Vandaag presenteerde de Europese Commissie de Clean Industrial Deal, die de Europese industrie sterker en duurzamer moet maken, en het omnibus-voorstel, bedoeld om regels eenvoudiger te maken. De reacties van Nederlandse Europarlementariërs zijn heel verschillend, van enthousiast tot kritisch – en alles daartussenin.
CDA: “Strategische industriepolitiek is nodig”
Het CDA steunt de Clean Industrial Deal en ziet het als een belangrijke stap naar een sterker en duurzamer Europa. Volgens Tom Berendsen, CDA-delegatieleider, moet Europa haar industrie beschermen tegen hoge energieprijzen en buitenlandse concurrentie. Ook het vereenvoudigen van regels en het stimuleren van schone energieproductie zijn belangrijk om bedrijven hier te houden.
Berendsen benadrukt dat de EU haar klimaatdoelen moet behouden, maar wel moet inzetten op haalbare en betaalbare oplossingen. “Onze energie is te duur, we hebben te weinig grondstoffen en innoveren te weinig. Dit moet Europees worden aangepakt.” Het CDA pleit ervoor dat schone en hernieuwbare energie de norm moet worden en verduurzaming hand in hand gaat met economische groei.
VVD: “Minder bureaucratie, meer innovatie”
De VVD is voor de Clean Industrial Deal, maar vindt dat de plannen verder moeten gaan. Jeannette Baljeu, Europarlementariër voor de VVD, benadrukt dat Europa zonder een sterke industrie kwetsbaar blijft. Innovatie is volgens haar de sleutel naar een schone en concurrerende industrie. “We moeten investeren in CO₂-afvang, kernenergie en een Europese markt voor schone producten.”
De partij is kritisch over het omnibus-voorstel en pleit voor lagere administratieve lasten voor bedrijven. Baljeu wil dat bepaalde regelgeving, zoals onderdelen van de Europese antiwegkijkwet en de EU-wet inzake duurzaamheidsrapportage, worden geschrapt omdat ze te veel bureaucratie en kosten met zich meebrengen. “Terwijl de VS dereguleren, verstikt de EU haar bedrijven in regels.”
BBB: “Groene bureaucratie gaat te ver”
De BBB is blij dat de EU erkent dat de Green Deal te ver is doorgeschoten, maar vindt de aanpassingen in het Omnibus-voorstel nog niet genoeg. Sander Smit waarschuwt dat vooral het midden- en kleinbedrijf (MKB) te maken blijft houden met extra administratieve lasten.

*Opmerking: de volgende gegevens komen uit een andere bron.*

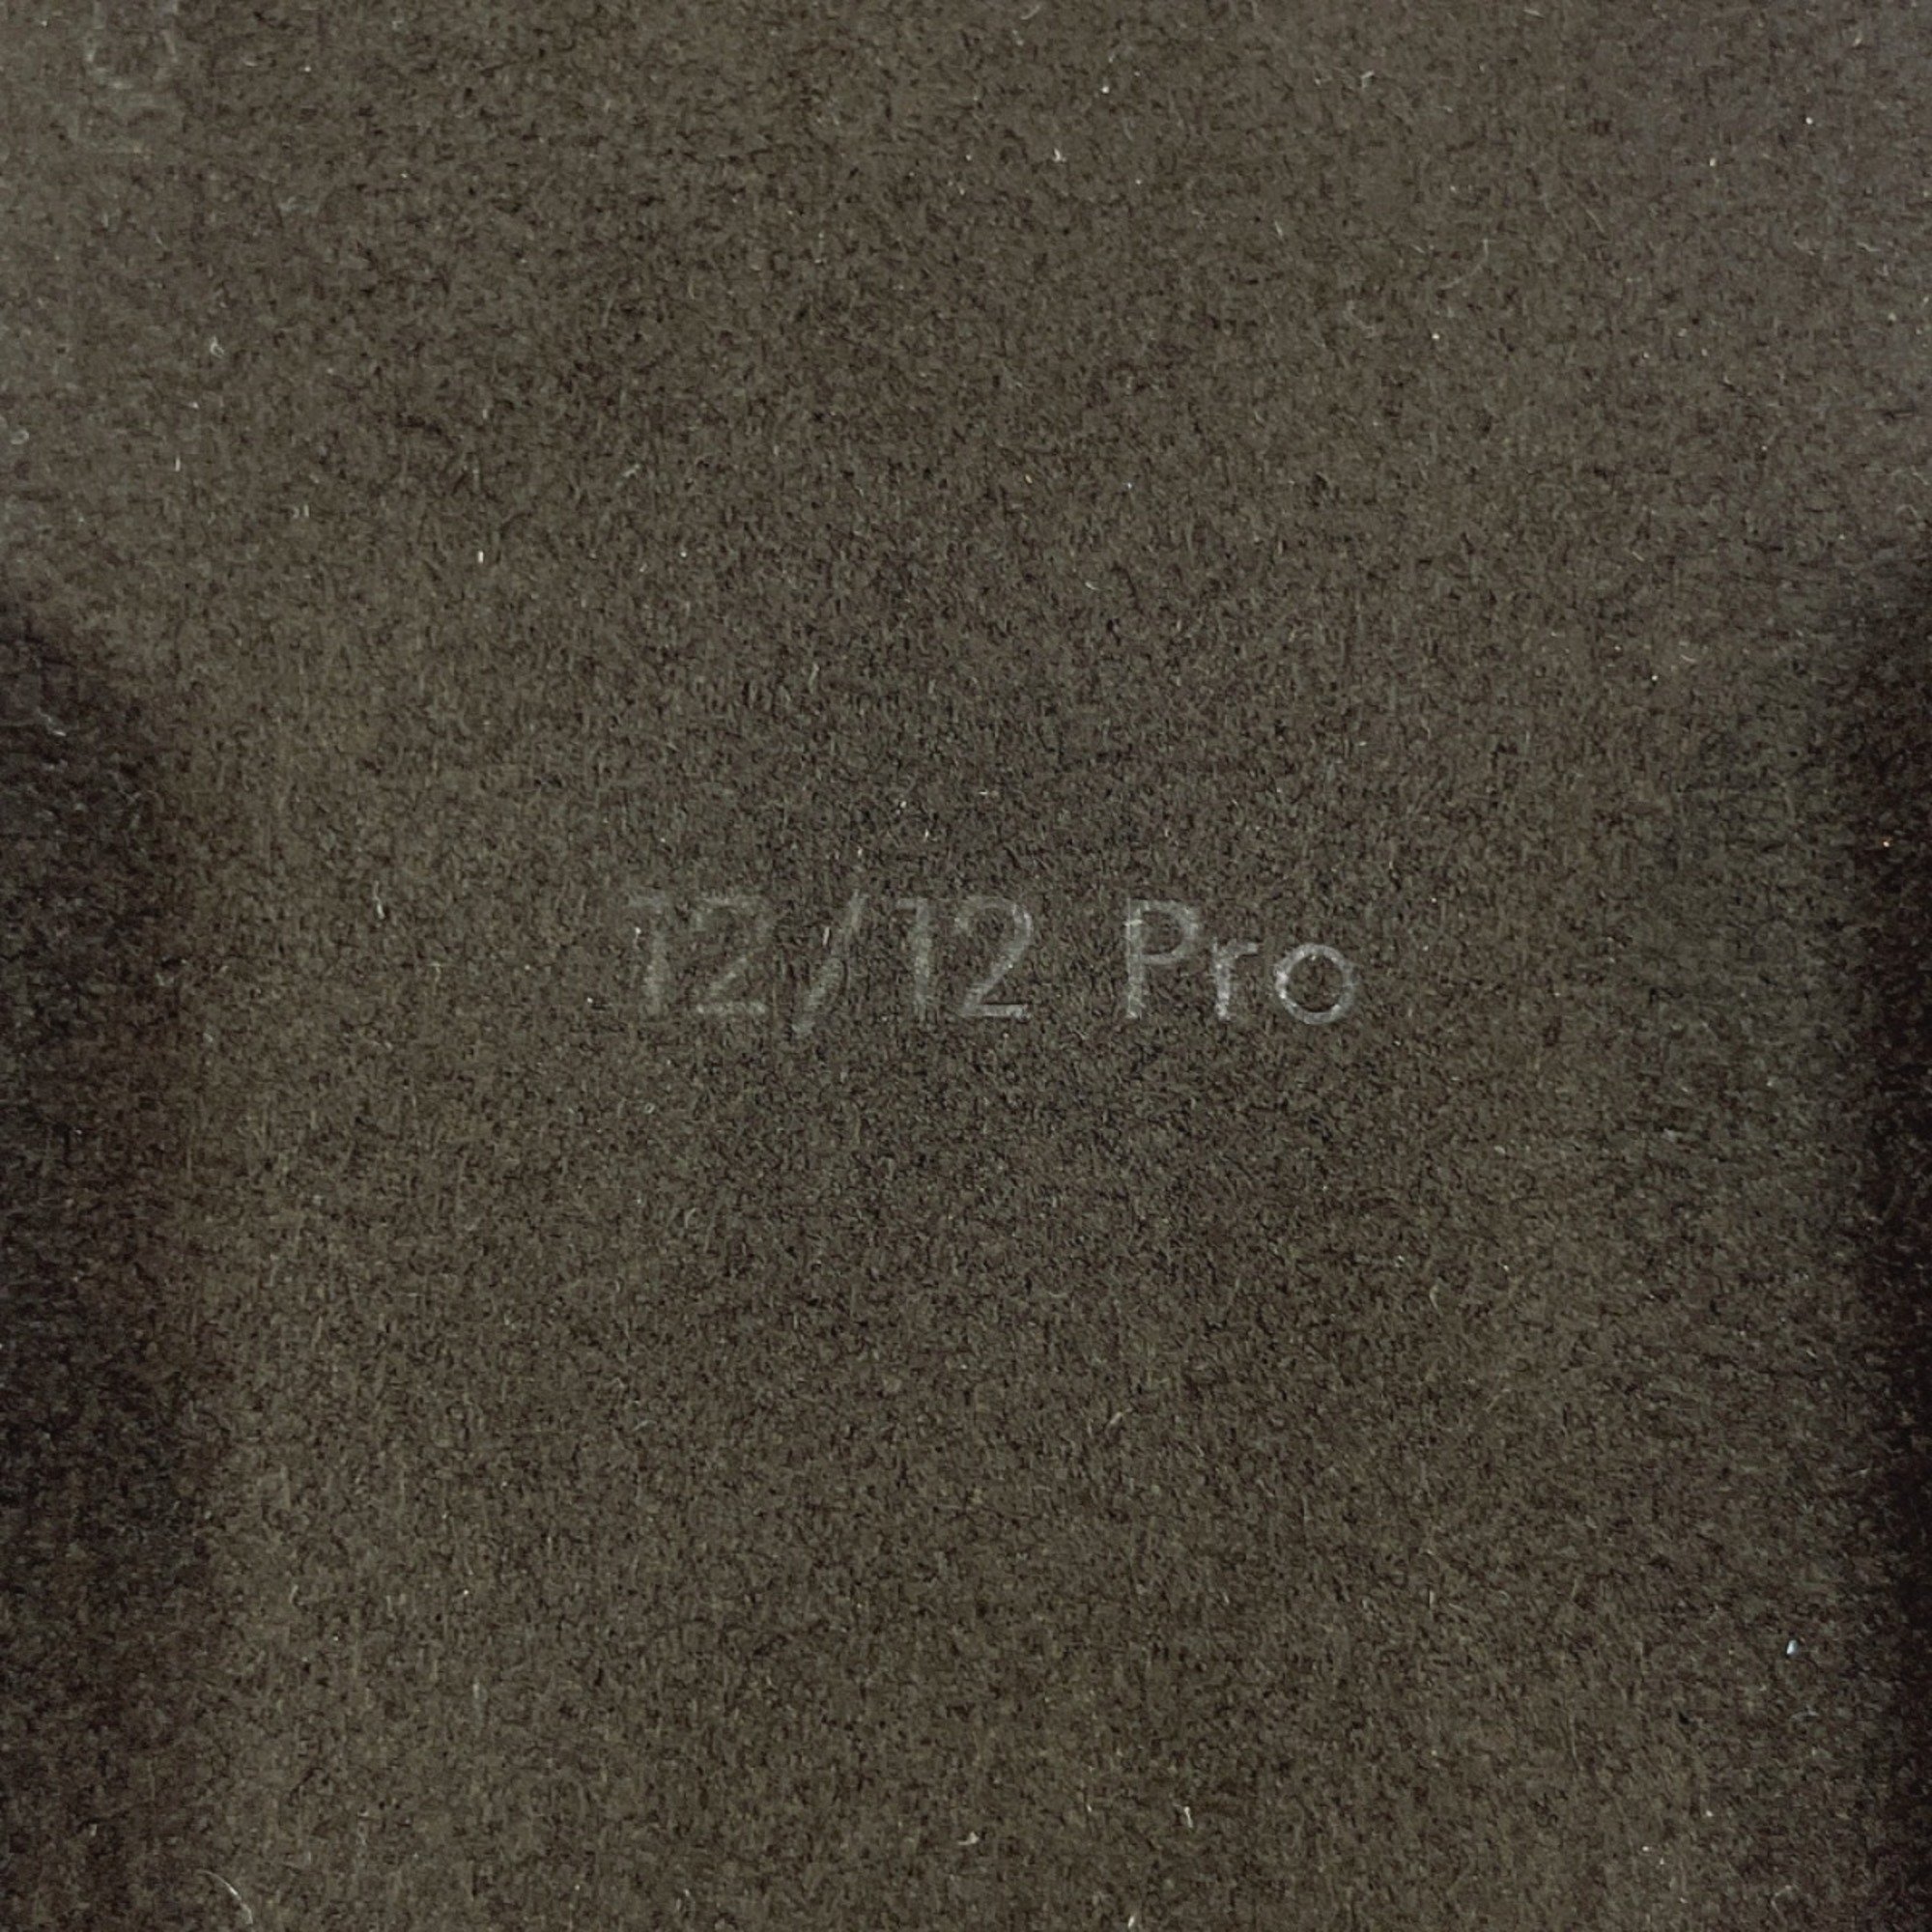 LOUIS VUITTON Louis Vuitton Bumper Dauphine 12/12 PRO iPhone Case M69782 Monogram Canvas/Leather Brown Women's

“Alleen consultants en advocaten profiteren van deze groene bureaucratie, terwijl ons concurrentievermogen en onze strategische autonomie onder druk staan,” zegt Smit. De BBB pleit voor een diepgaandere herziening en schrapping van bepaalde verplichtingen, zodat ondernemers niet vastlopen in regelgeving.
D66: “Groene industrie, maar niet te veel versoepeling”
D66 steunt de Clean Industrial Deal en ziet de vergroening van de industrie als een kans voor Europa. “Groen is voor Europa de enige manier om in de toekomst weer betaalbare energie te krijgen,” zegt Gerben-Jan Gerbrandy.
Toch is D66 kritisch over het omnibus-voorstel. De partij vindt dat sommige versoepelingen te ver gaan, waardoor bedrijven makkelijker onder milieuregels uit kunnen komen. Gerbrandy benadrukt dat het Europees Parlement goed naar de details van de voorstellen zal kijken en dat het belangrijk is om de juiste balans te vinden tussen minder bureaucratie en het behoud van sociale en milieunormen.
GroenLinks-PvdA: “Meer energiezekerheid en investeringen nodig”
GroenLinks-PvdA verwelkomt de Clean Industrial Deal, maar vindt dat er meer aandacht moet komen voor energiezekerheid en staatssteun. Mohammed Chahim wijst erop dat Europa maatregelen moet nemen om de energieprijzen stabiel te houden, bijvoorbeeld door een prijsplafond op elektriciteit en extra investeringen in energie-infrastructuur.
Verder pleit de partij voor snellere vergunningsprocedures en betere toegang tot EU-financiering voor verduurzaming. Ze willen ook dat de circulaire economie een grotere rol speelt, met meer investeringen in recycling en hergebruik van grondstoffen. GroenLinks-PvdA roept ook op tot strengere naleving van klimaatwetten en gezamenlijke EU-leningen om de herindustrialisatie te financieren.